:: Data section ::
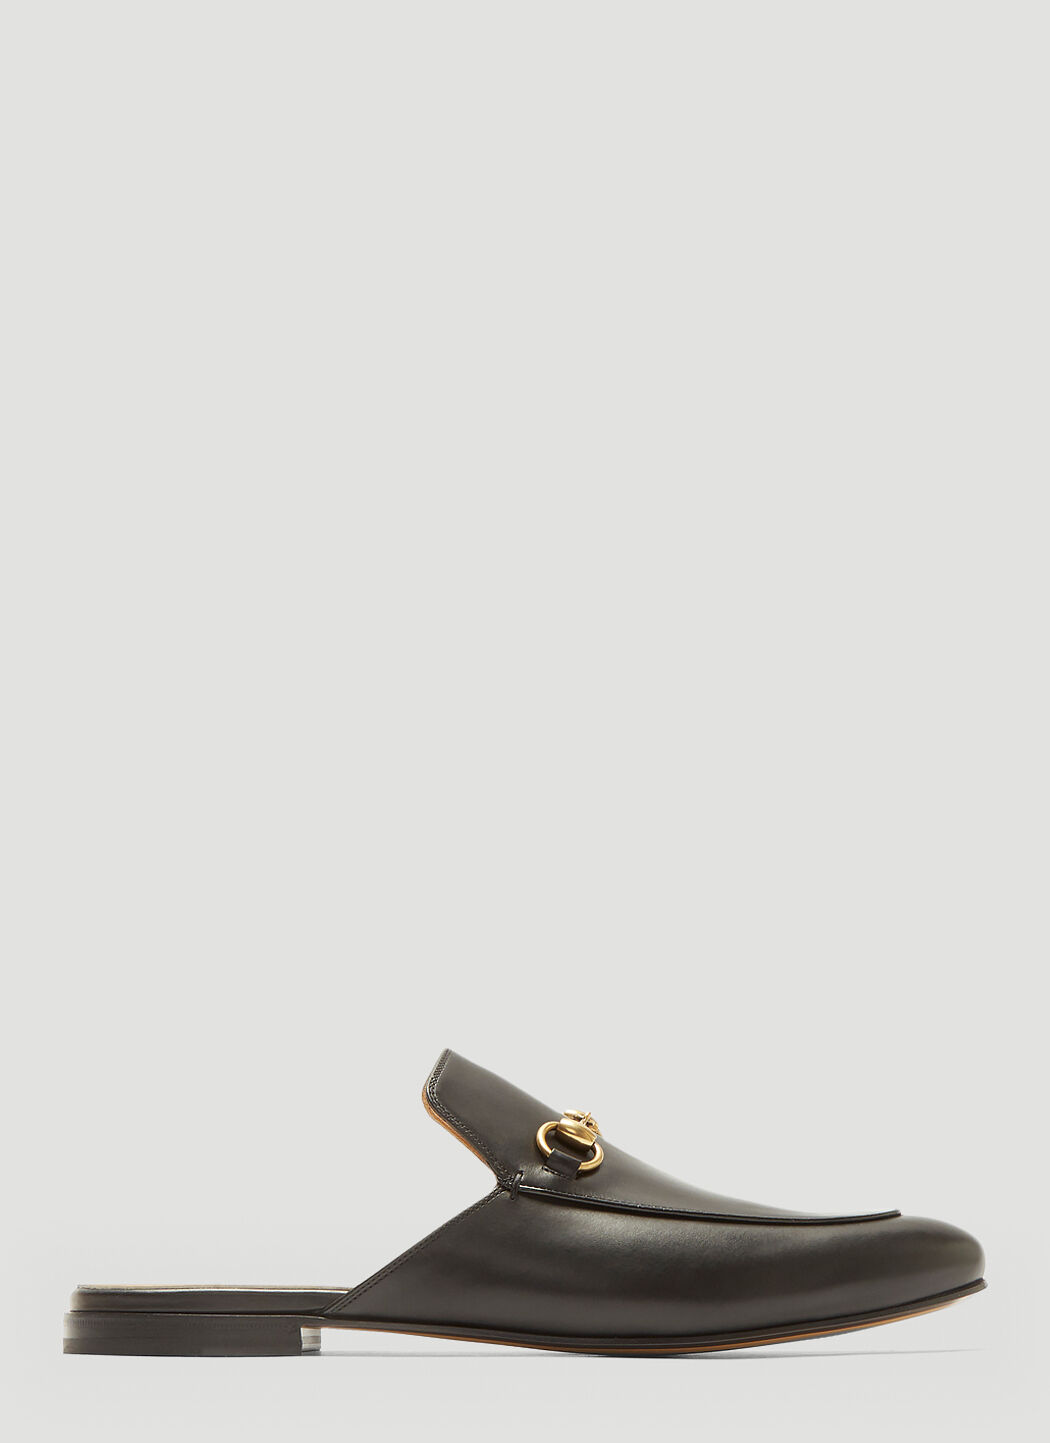 Gucci Horsebit Leather Slipper Shoes Black guc0132039
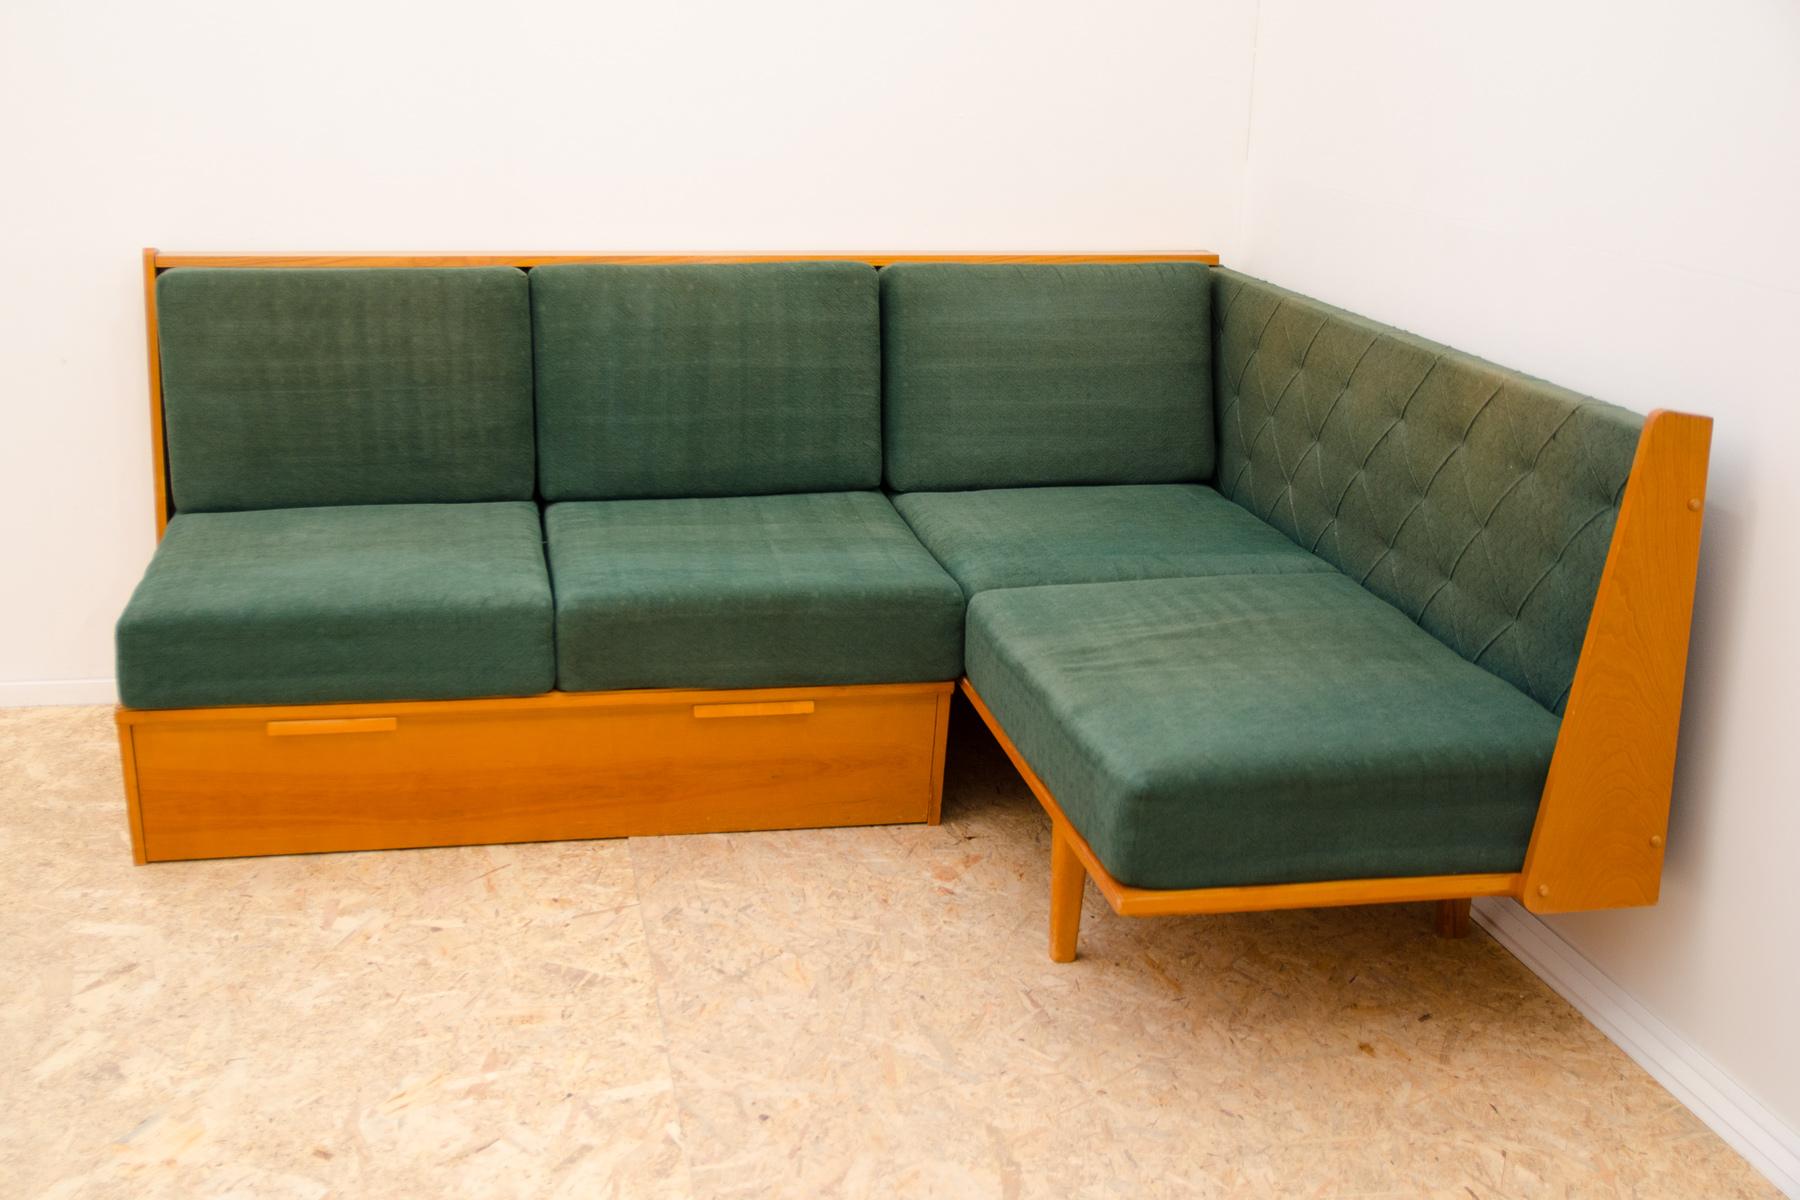 Ecksofa aus der Mitte des Jahrhunderts mit Stauraum, hergestellt in der ehemaligen Tschechoslowakei in den 1960er Jahren.

Dieses Sofa hat einen Rahmen aus furniertem Buchenholz und Stauraum für Bettwäsche. Das Sofa ist in gutem Vintage-Zustand, mit

:: What the task requires ::
Pictures included in the data should be dropped; everything else must be repeated exactly.

:: Answer for this exercise ::
 Gucci Horsebit Leather Slipper Shoes Black guc0132039
 Ecksofa aus der Mitte des Jahrhunderts mit Stauraum, hergestellt in der ehemaligen Tschechoslowakei in den 1960er Jahren.

Dieses Sofa hat einen Rahmen aus furniertem Buchenholz und Stauraum für Bettwäsche. Das Sofa ist in gutem Vintage-Zustand, mit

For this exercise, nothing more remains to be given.